Work request: Repeat the whole listing word for word, skipping pictures.

Data provided:
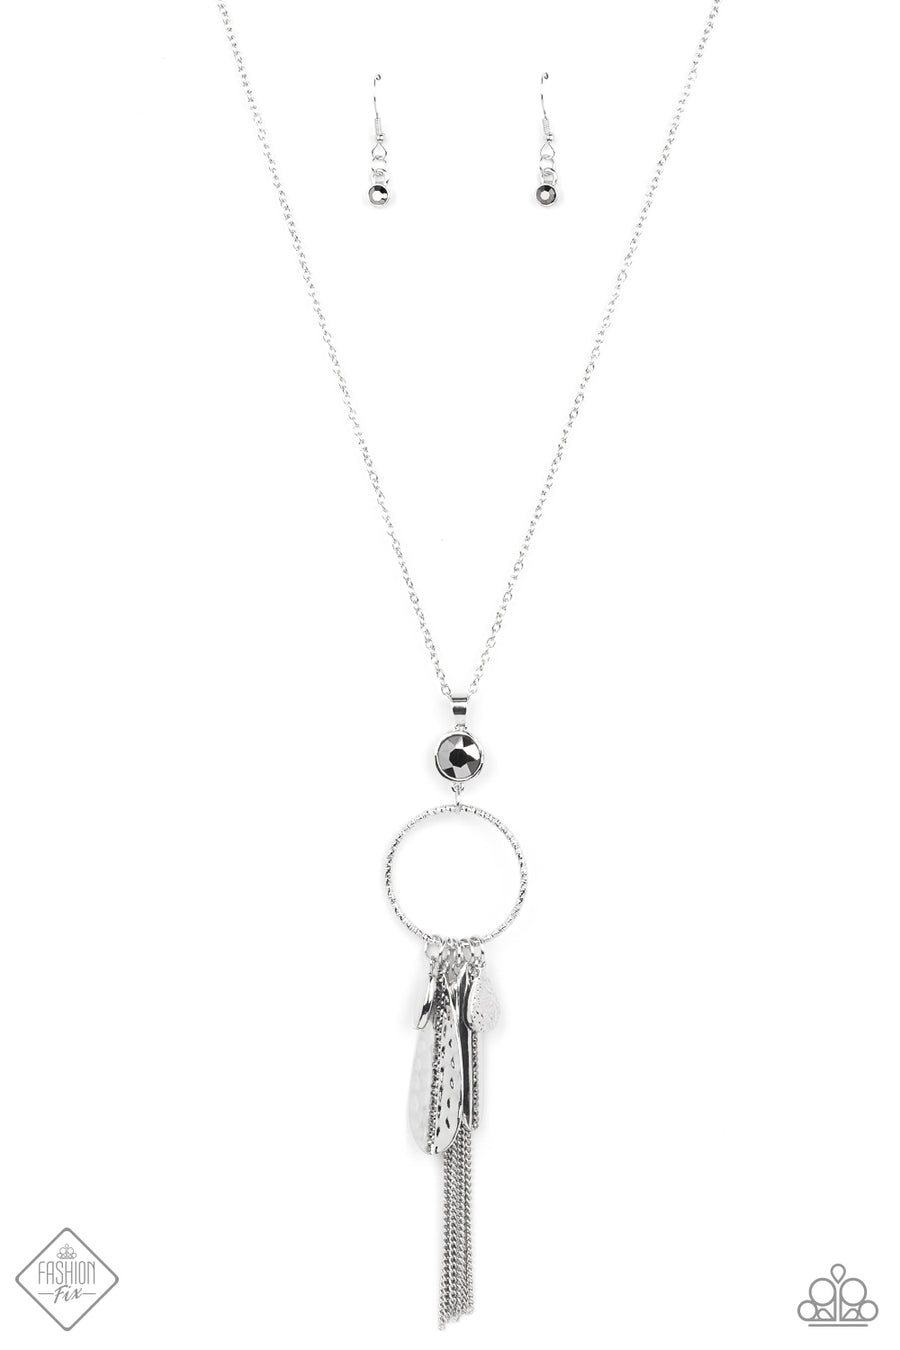 Paparazzi Tastefully Tasseled - Silver Charm Necklaces featuring both smooth and hammered finishes, dainty smoky rhinestones, and a tassel of dainty chains, a sassy collection of silver charms swings from the bottom of a brightly textured circle. A faceted hematite gem sits atop the harmoniously audacious display at the bottom of a lengthened dainty silver chain for a crowning finish. Features an adjustable clasp closure.  Sold as one individual necklace. Includes one pair of matching earrings.
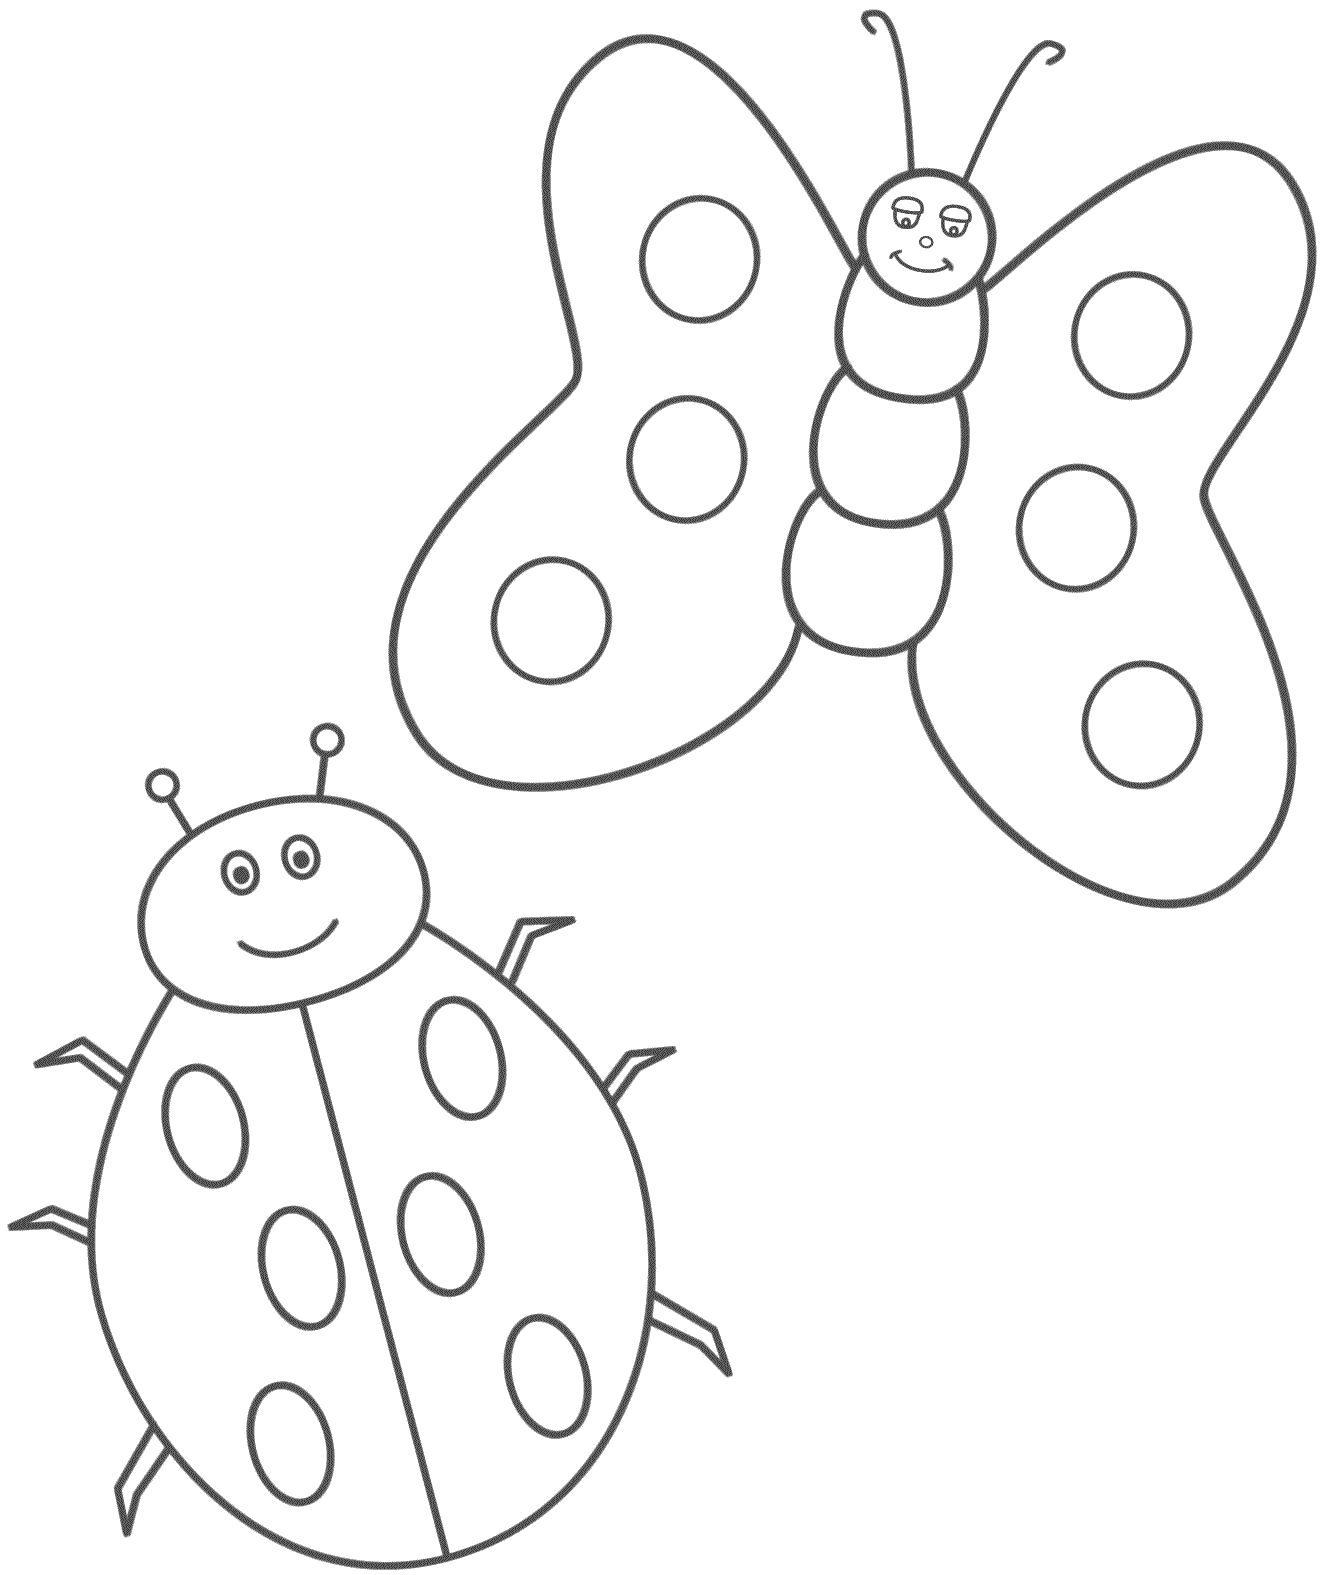 Ladybug and Butterfly - Coloring Page (Insects)
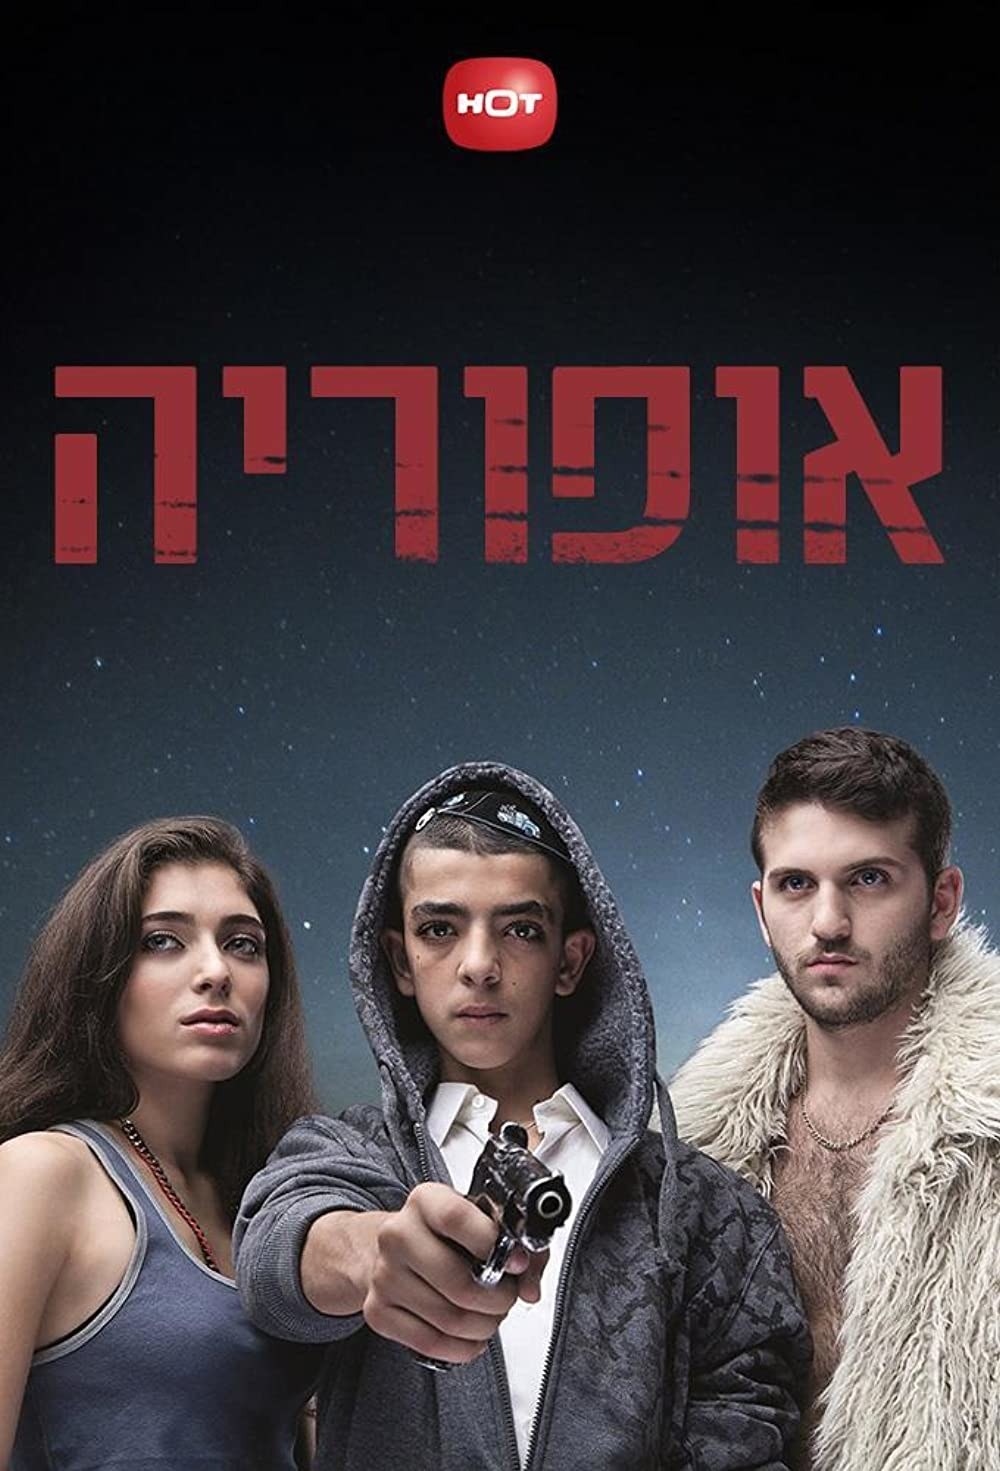 Poster of Euphoria written in Hebrew with Hofit, Tomer, who is holding a gun, and Elkana
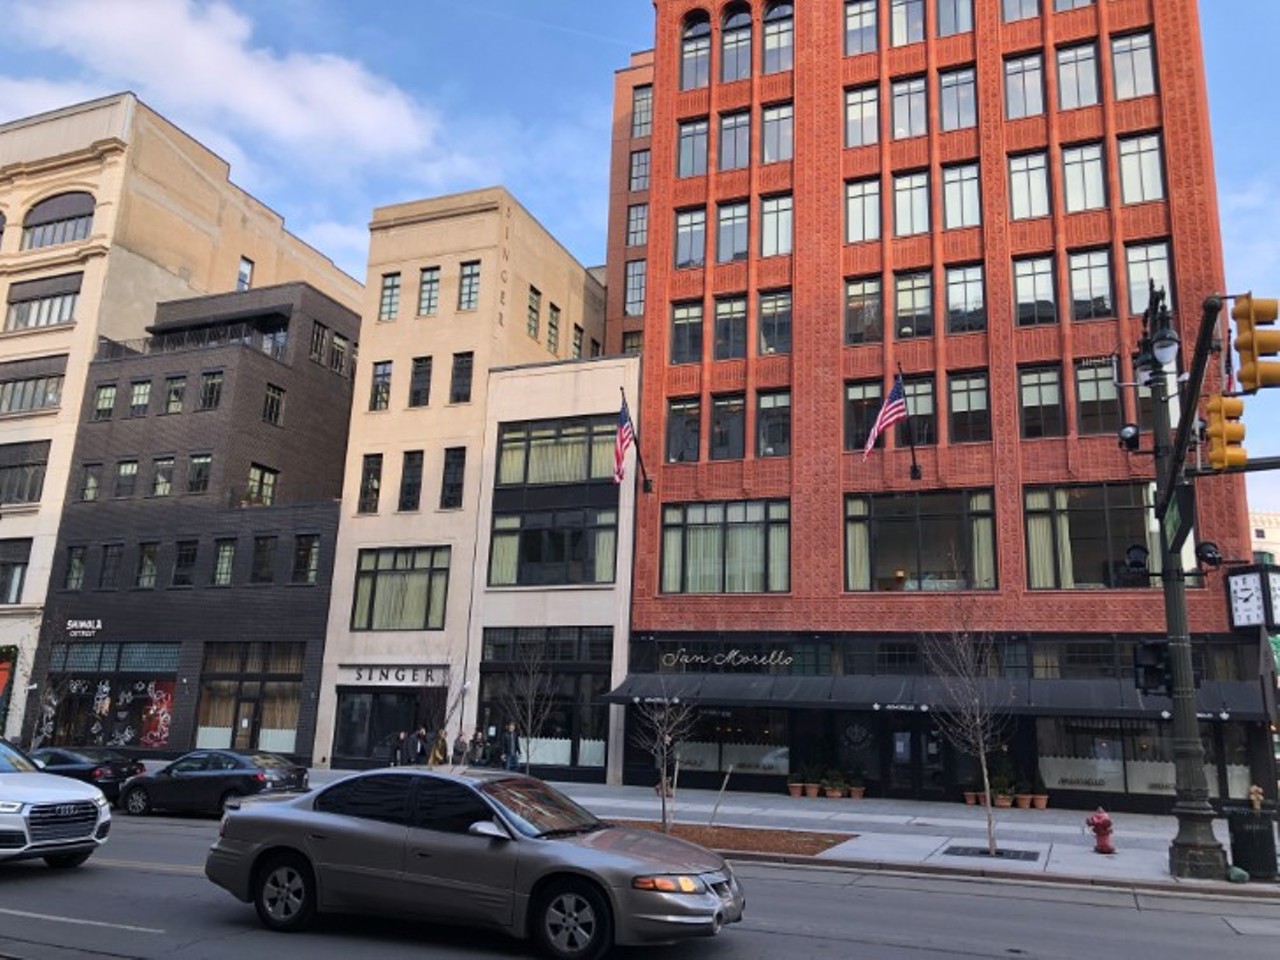 Shinola Hotel/San Morello
1400 Woodward Ave., Detroit
Another one that was mentioned when it comes to the nicest bathrooms is the Shinola Hotel. “That Shinola bathroom is plush af,” Redditor downriverrat3 said. “Plush, smells great, and is rarely busy,” added AarunFast.
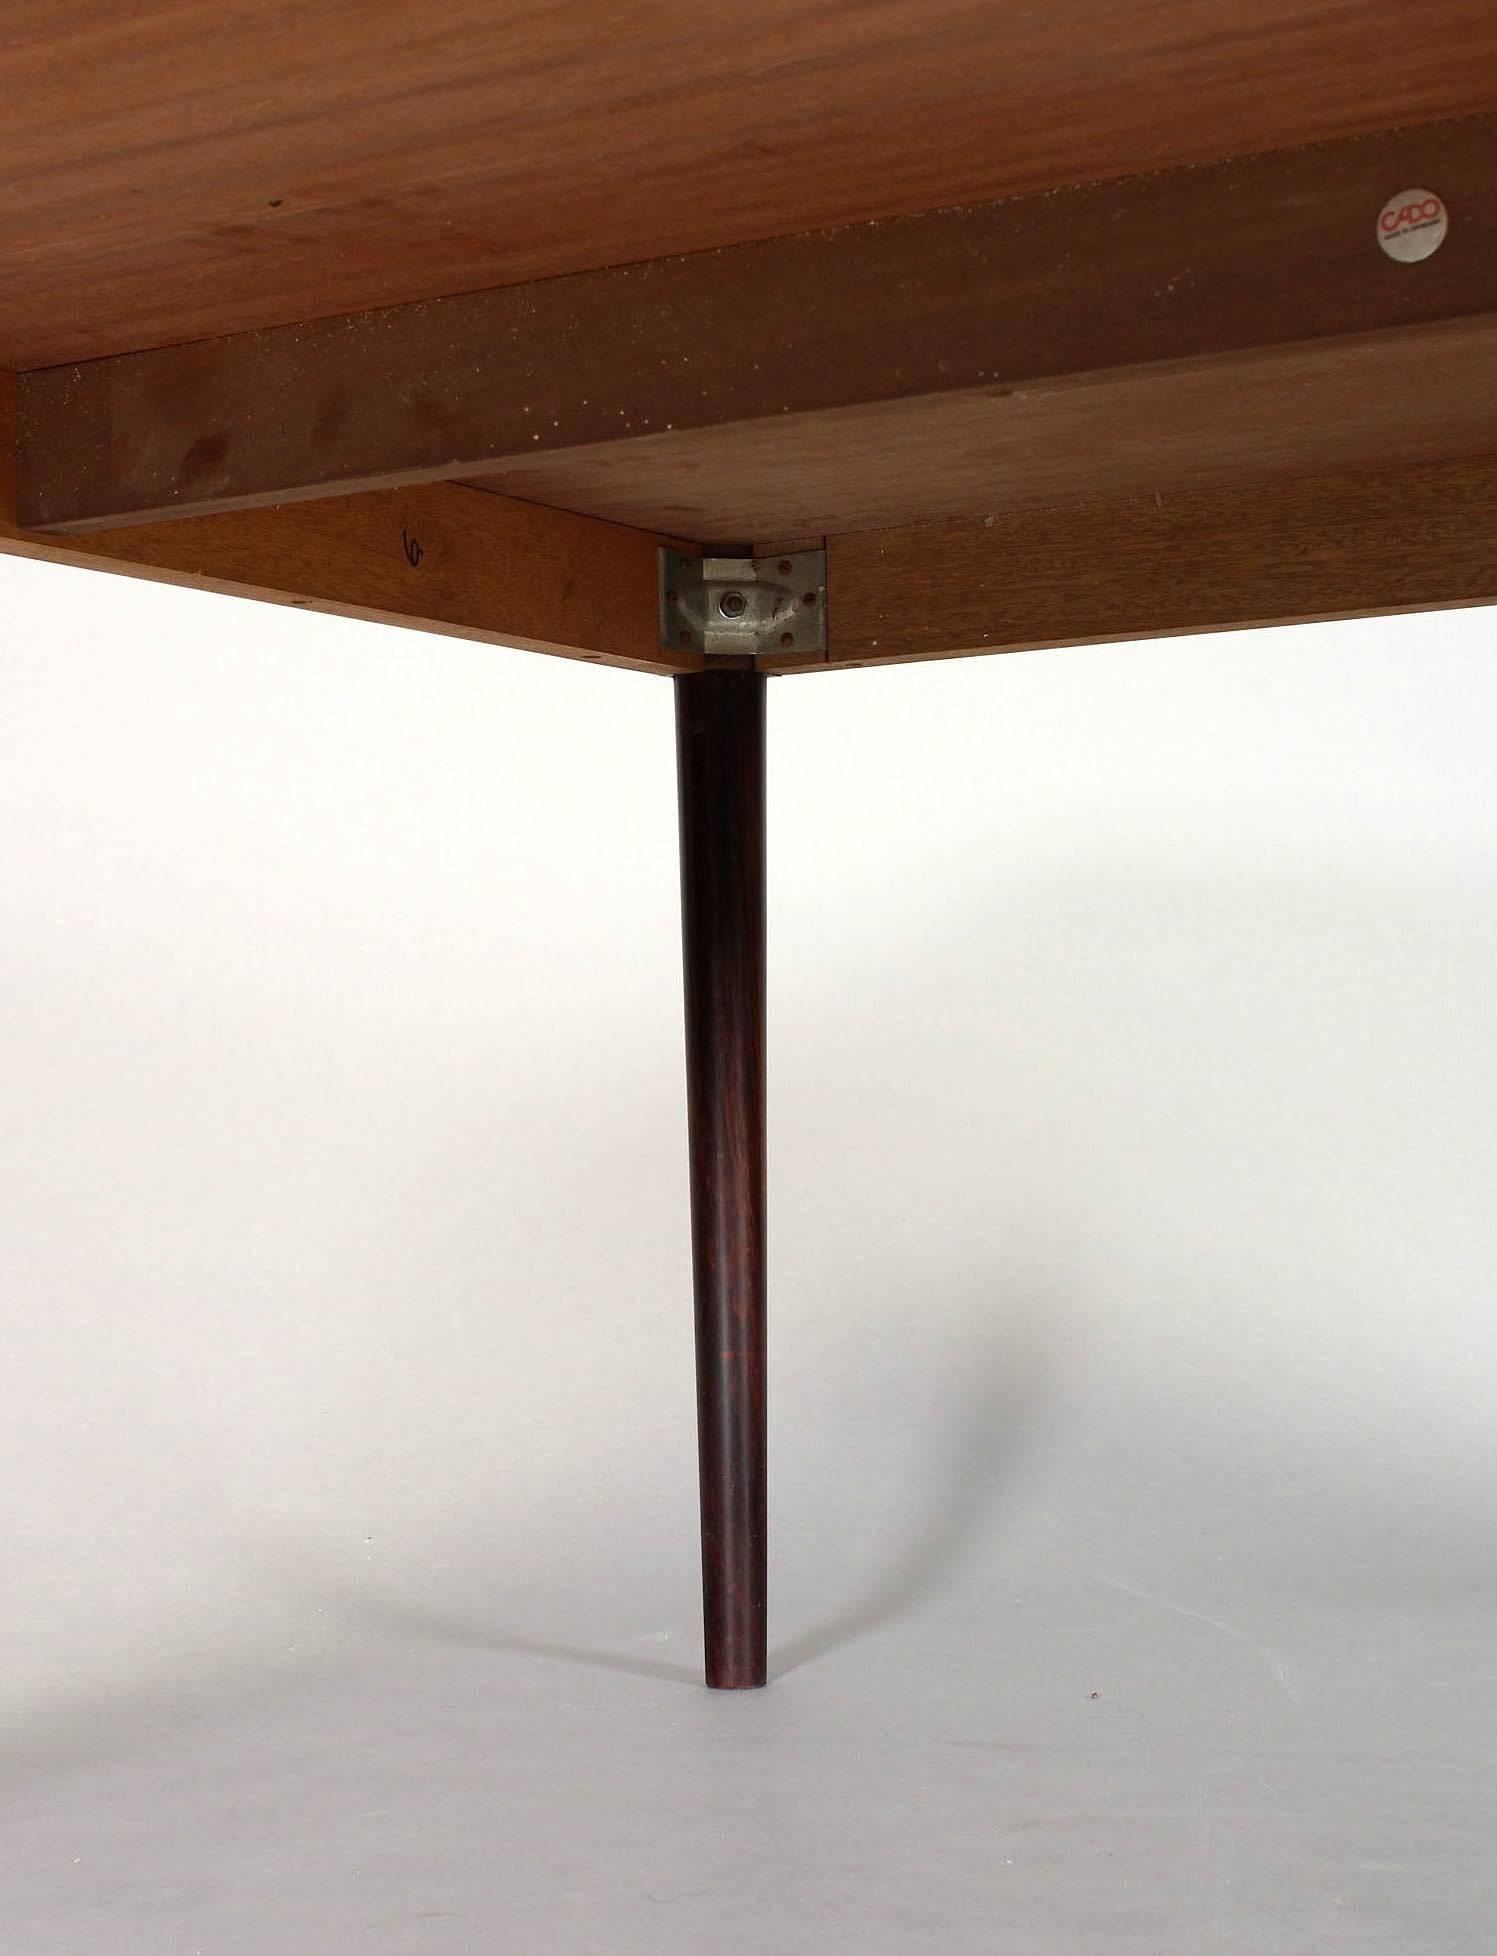 This executive desk, dining or conference table from the Diplomat series was designed by Finn Juhl and produced in the 1960s-1970s by Cado in Denmark (marked). The table features a rosewood veneer top and legs in solid rosewood, which can be screwed

Problem solution:
 Paparazzi Tastefully Tasseled - Silver Charm Necklaces featuring both smooth and hammered finishes, dainty smoky rhinestones, and a tassel of dainty chains, a sassy collection of silver charms swings from the bottom of a brightly textured circle. A faceted hematite gem sits atop the harmoniously audacious display at the bottom of a lengthened dainty silver chain for a crowning finish. Features an adjustable clasp closure.  Sold as one individual necklace. Includes one pair of matching earrings.
 Ladybug and Butterfly - Coloring Page (Insects)
 Poster of Euphoria written in Hebrew with Hofit, Tomer, who is holding a gun, and Elkana
 Shinola Hotel/San Morello
1400 Woodward Ave., Detroit
Another one that was mentioned when it comes to the nicest bathrooms is the Shinola Hotel. “That Shinola bathroom is plush af,” Redditor downriverrat3 said. “Plush, smells great, and is rarely busy,” added AarunFast.
 This executive desk, dining or conference table from the Diplomat series was designed by Finn Juhl and produced in the 1960s-1970s by Cado in Denmark (marked). The table features a rosewood veneer top and legs in solid rosewood, which can be screwed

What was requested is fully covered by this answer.